### DATA SECTION ###

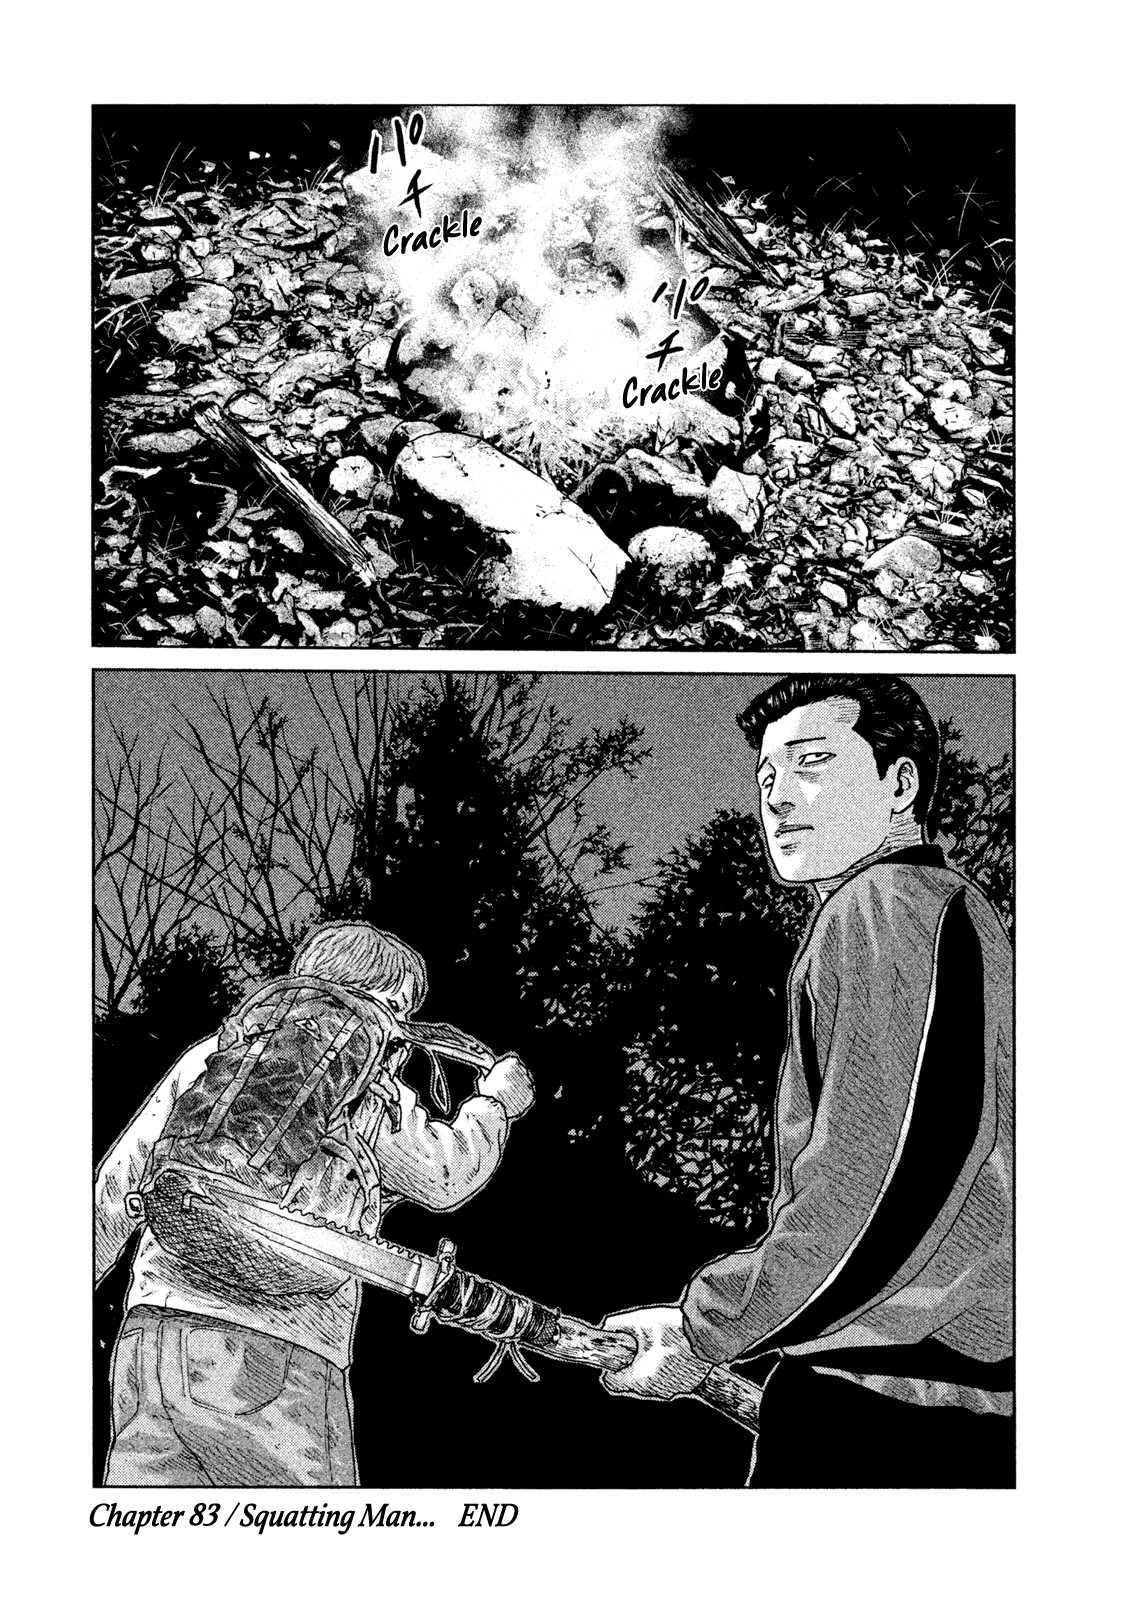 The Fable Vol. 8 Ch. 83 Squatting Man...
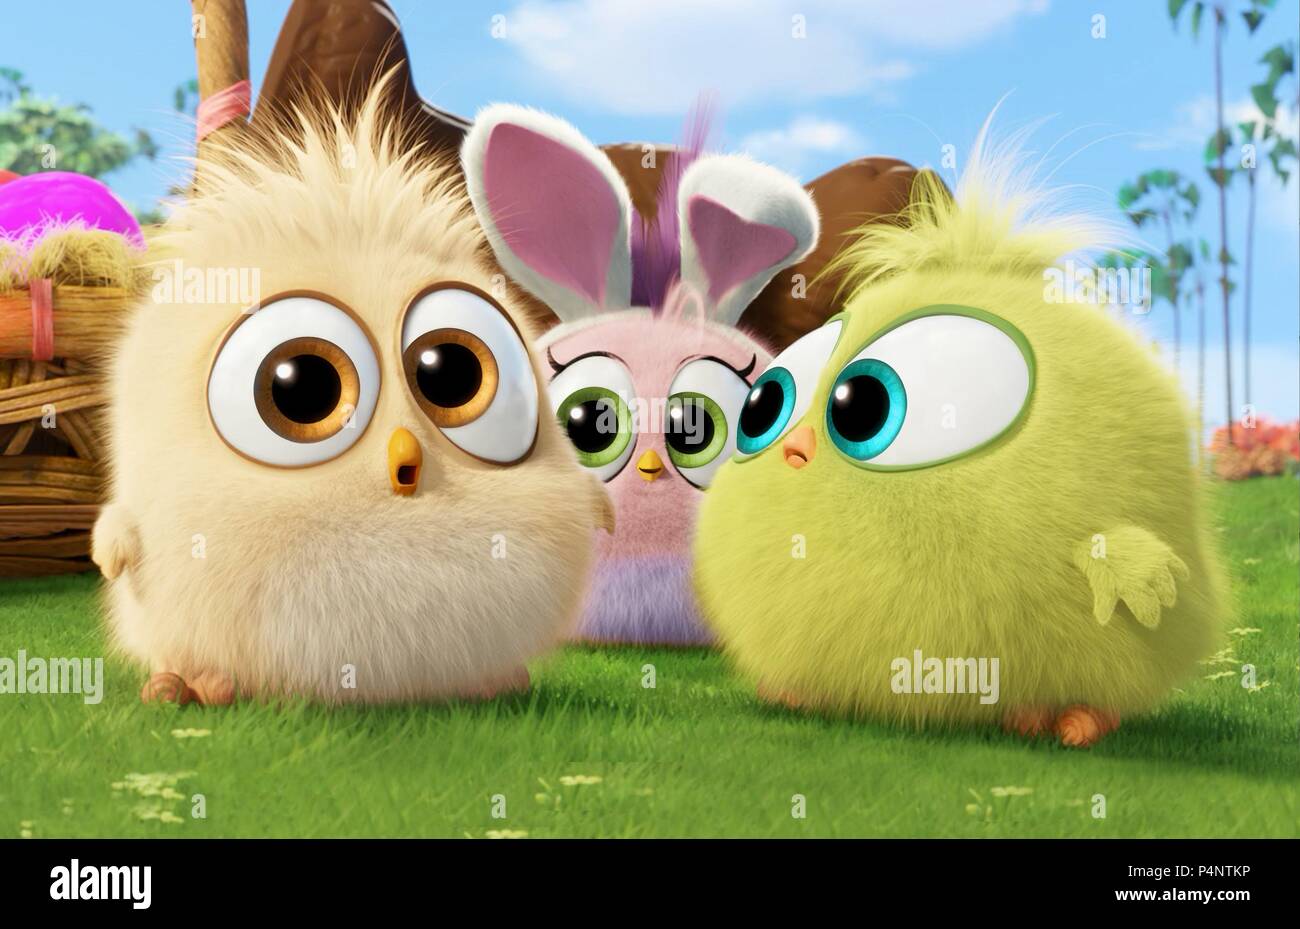 Original Film Title: ANGRY BIRDS. English Title: ANGRY BIRDS. Film  Director: DANNY MCBRIDE; CLAY KAYTIS; FERGAL REILLY. Year: 2016. Credit:  SONY PICTURES IMAGEWORKS / Album Stock Photo - Alamy
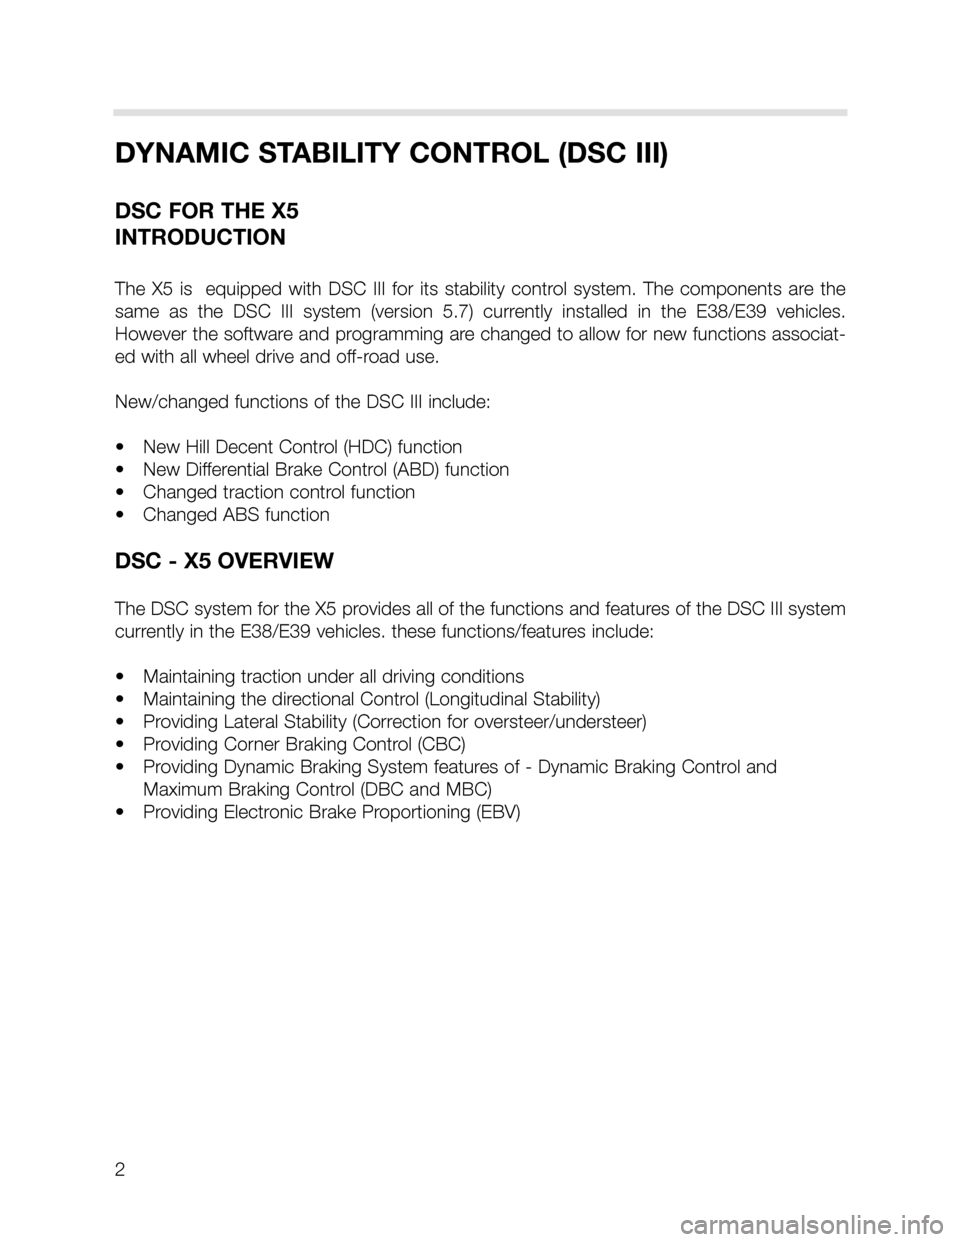 BMW X5 2001 E53 DSC System Workshop Manual 2
DYNAMIC STABILITY CONTROL (DSC III)
DSC FOR THE X5
INTRODUCTION
The  X5  is    equipped  with  DSC  III  for  its  stability  control  system.  The  components  are  the
same  as  the  DSC  III  sys

###

TASK PROMPT: Each entry must be reproduced word for word, and any image among them left out.

FINAL ANSWER:
 The Fable Vol. 8 Ch. 83 Squatting Man...
 Original Film Title: ANGRY BIRDS. English Title: ANGRY BIRDS. Film  Director: DANNY MCBRIDE; CLAY KAYTIS; FERGAL REILLY. Year: 2016. Credit:  SONY PICTURES IMAGEWORKS / Album Stock Photo - Alamy
 BMW X5 2001 E53 DSC System Workshop Manual 2
DYNAMIC STABILITY CONTROL (DSC III)
DSC FOR THE X5
INTRODUCTION
The  X5  is    equipped  with  DSC  III  for  its  stability  control  system.  The  components  are  the
same  as  the  DSC  III  sys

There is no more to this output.